On the other hand, Tables data such as SF1 contain one or more tables where each of them has its own Quandl code, for example: The Quandl code for the Core US Fundamentals table is SHARADAR/SF1.
When it comes to Data Analysis tools, Quandl directly supports API, R, Python, Excel, Ruby and more.
The full list can be found here: https://www.quandl.com/tools/full-list
What are the Pros and Cons of Quandl?
What are the differences between Free and Premium datasets?
As the devil is in the details, their free products come from various “credible and established” sources such as central banks, government agencies, organizations, etc.
On the other hand, their premium products come from data providers such as: AlgoSeek, Applied Research, Barchart, Brave New Coin, and CryptoCompare etc.
The full list can be seen here: https://www.quandl.com/publishers
Quandl premium datasets have a regular update time while there are no guaranteed update times for free datasets and they can usually take anywhere from a few hours to weeks, months or years (depending on the data itself).

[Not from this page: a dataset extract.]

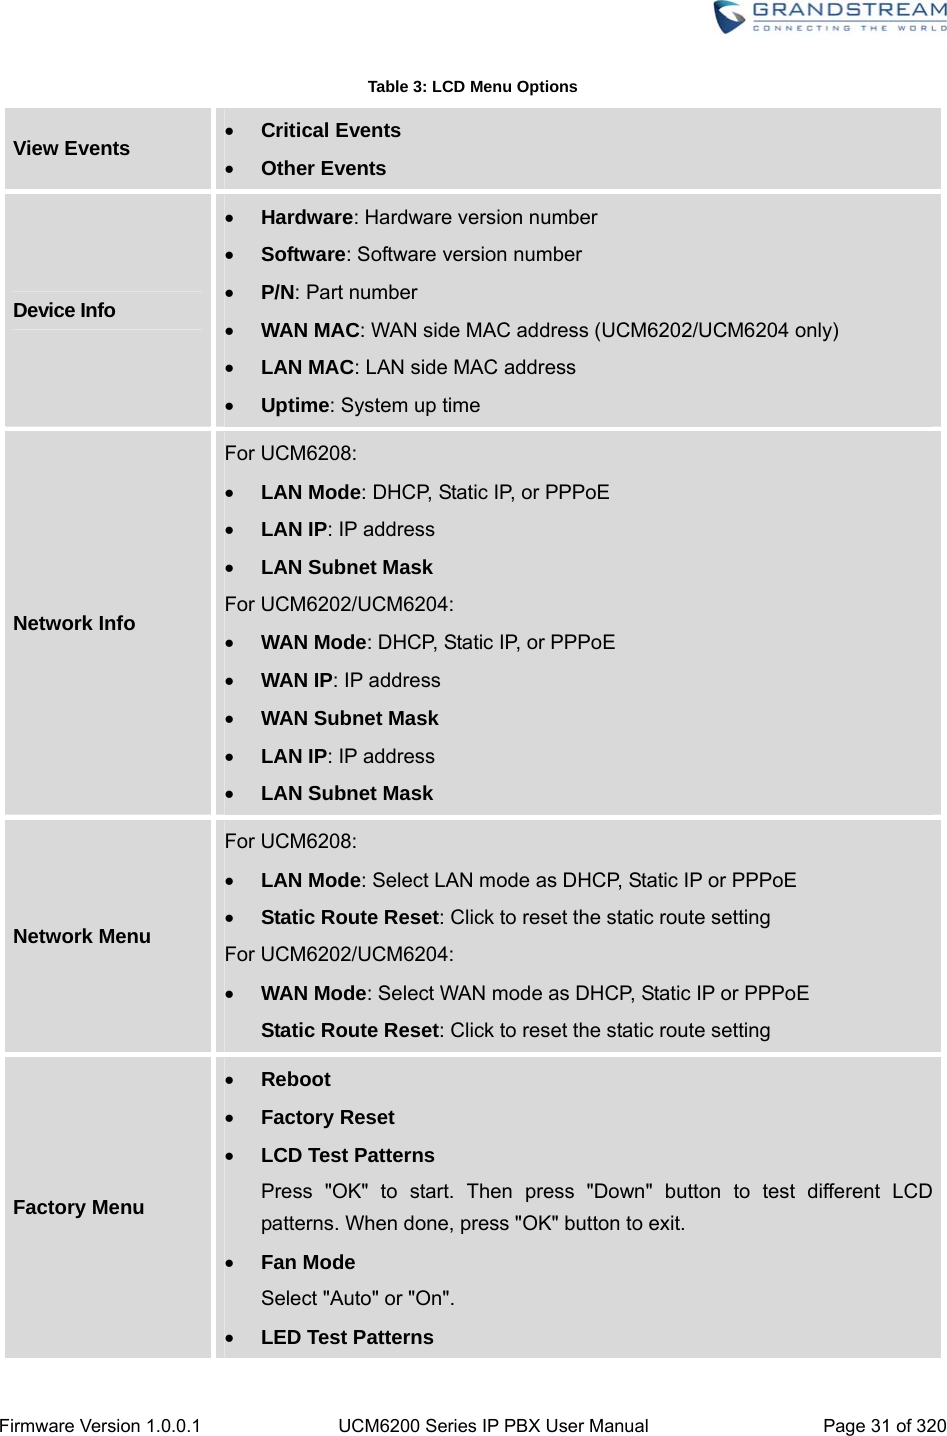  Firmware Version 1.0.0.1  UCM6200 Series IP PBX User Manual  Page 31 of 320 Table 3: LCD Menu Options View Events   Critical Events  Other Events Device Info  Hardware: Hardware version number  Software: Software version number  P/N: Part number  WAN MAC: WAN side MAC address (UCM6202/UCM6204 only)  LAN MAC: LAN side MAC address  Uptime: System up time Network Info For UCM6208:  LAN Mode: DHCP, Static IP, or PPPoE  LAN IP: IP address  LAN Subnet Mask For UCM6202/UCM6204:  WAN Mode: DHCP, Static IP, or PPPoE  WAN IP: IP address  WAN Subnet Mask  LAN IP: IP address  LAN Subnet Mask Network Menu For UCM6208:  LAN Mode: Select LAN mode as DHCP, Static IP or PPPoE  Static Route Reset: Click to reset the static route setting For UCM6202/UCM6204:  WAN Mode: Select WAN mode as DHCP, Static IP or PPPoE Static Route Reset: Click to reset the static route setting Factory Menu  Reboot  Factory Reset  LCD Test Patterns Press &quot;OK&quot; to start. Then press &quot;Down&quot; button to test different LCD patterns. When done, press &quot;OK&quot; button to exit.  Fan Mode Select &quot;Auto&quot; or &quot;On&quot;.  LED Test Patterns 
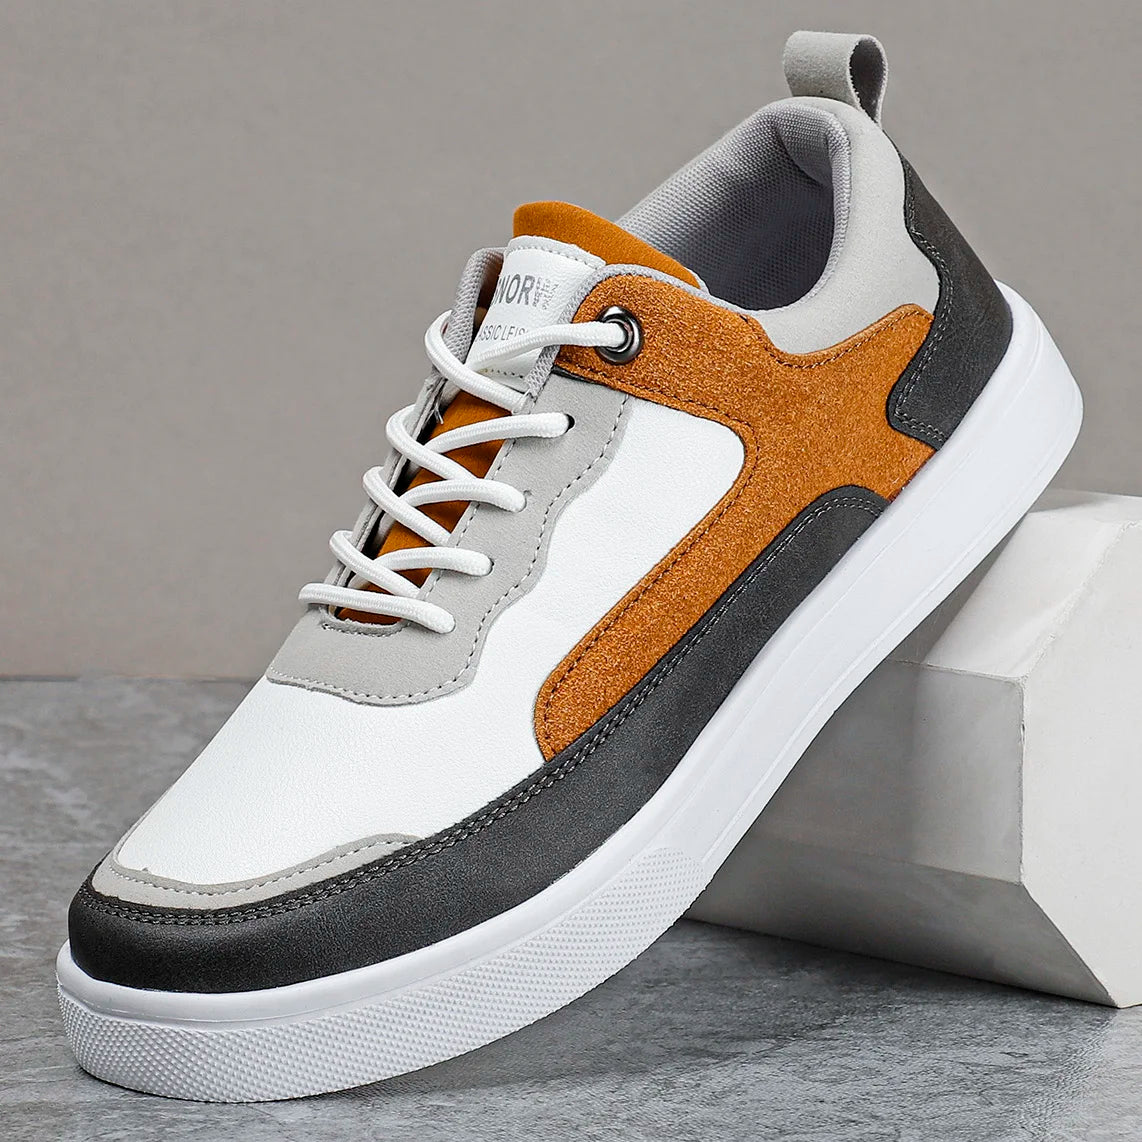 Men Fashion White Leather Sneakers Tenis Casual Shoes

Quandl’s premium data is curated and maintained by professional providers with decades of expertise under their belts. This all adds on the betterment of documentation, correctness, organization, uniqueness and structure of the data. Here we can see the supremacy of the premium data.
Premium data on Quandl can be purchased via subscriptions. With them you subscribe only to particular datasets that you need. This means that you only pay for what you need. Have in mind that there is no fee to use the platform itself or Quandl’s open data feeds.
Almost all premium datasets come with some free sample data. To see a free sample data, you need to log in to your Quandl account. After clicking on any premium data feed of your interest, the website will take you to the home page of that feed where you will be presented with some sample data.
It needs to be mentioned that every single free data feed has a transparent link that leads to its source. This means that we can verify the data and the source it comes from.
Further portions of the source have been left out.